→ TO DO: Your copy should start at the line with "Small Bathroom Makeovers Pictures" and end at the line with "Two It Yourself" in the data below. Transcribe only those lines, exactly, pictures excluded.

→ SUPPLIED RECORDS:

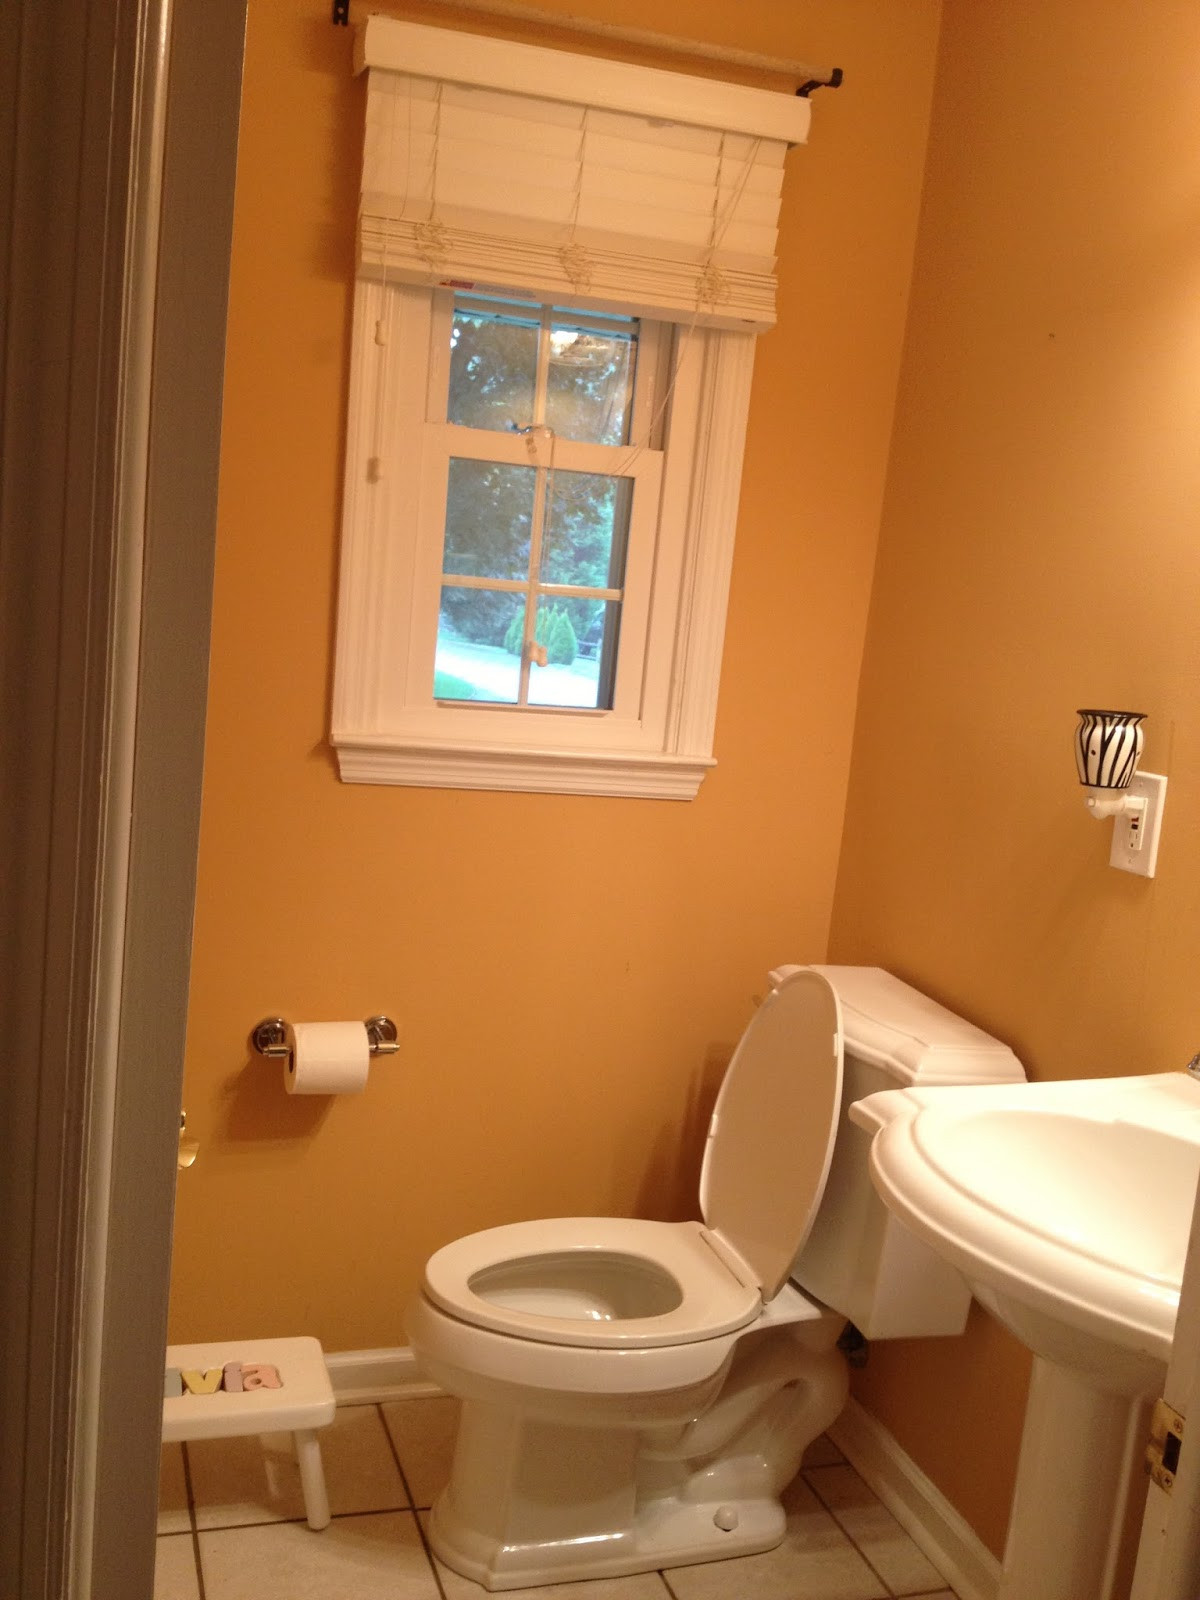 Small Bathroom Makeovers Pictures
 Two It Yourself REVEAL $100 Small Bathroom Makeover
--
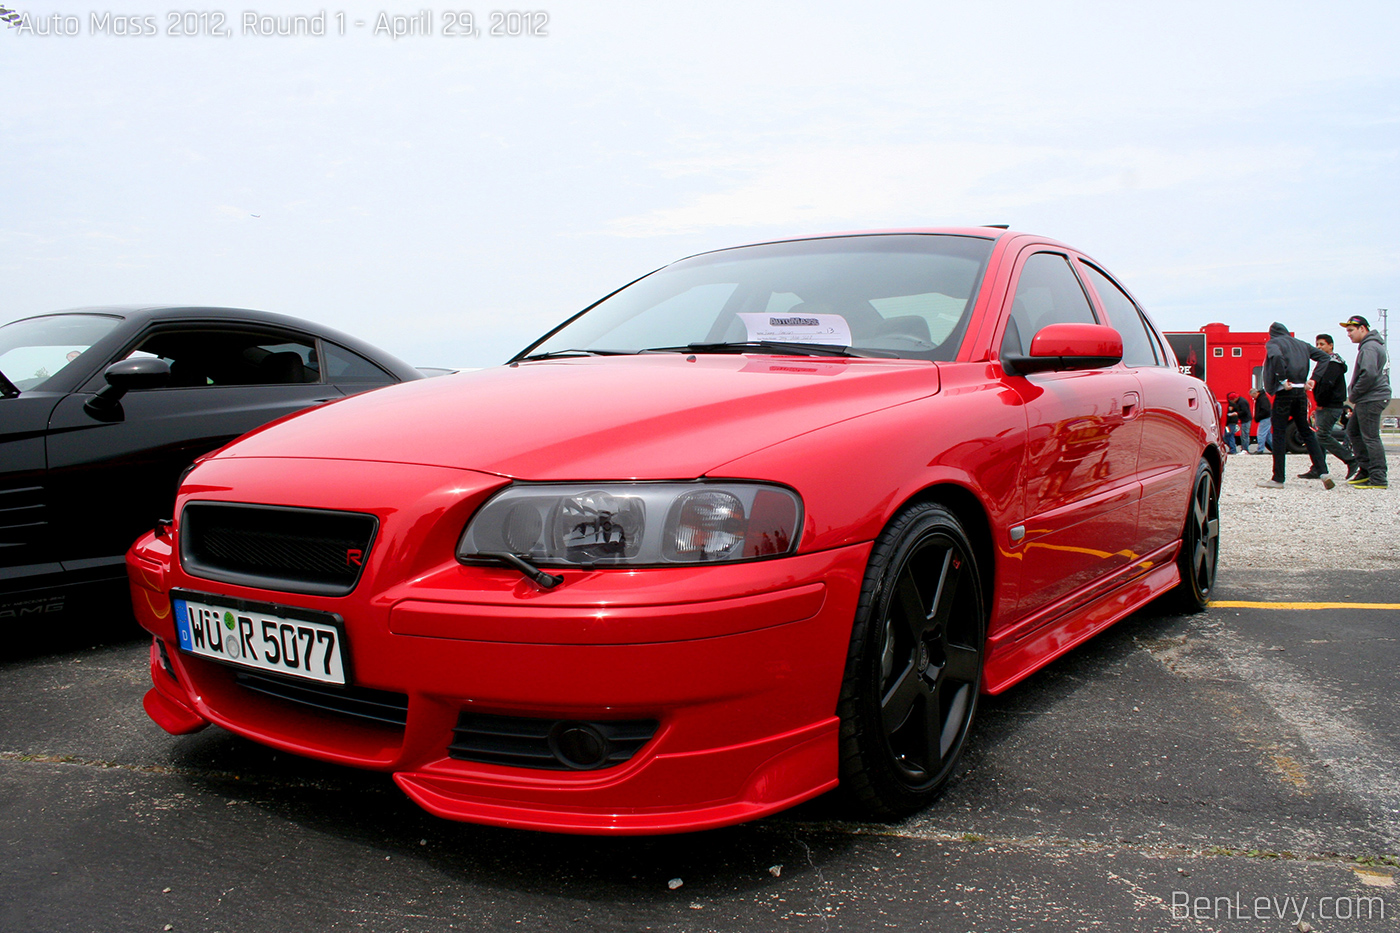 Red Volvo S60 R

→ ANSWER SPACE:
 Small Bathroom Makeovers Pictures
 Two It Yourself REVEAL $100 Small Bathroom Makeover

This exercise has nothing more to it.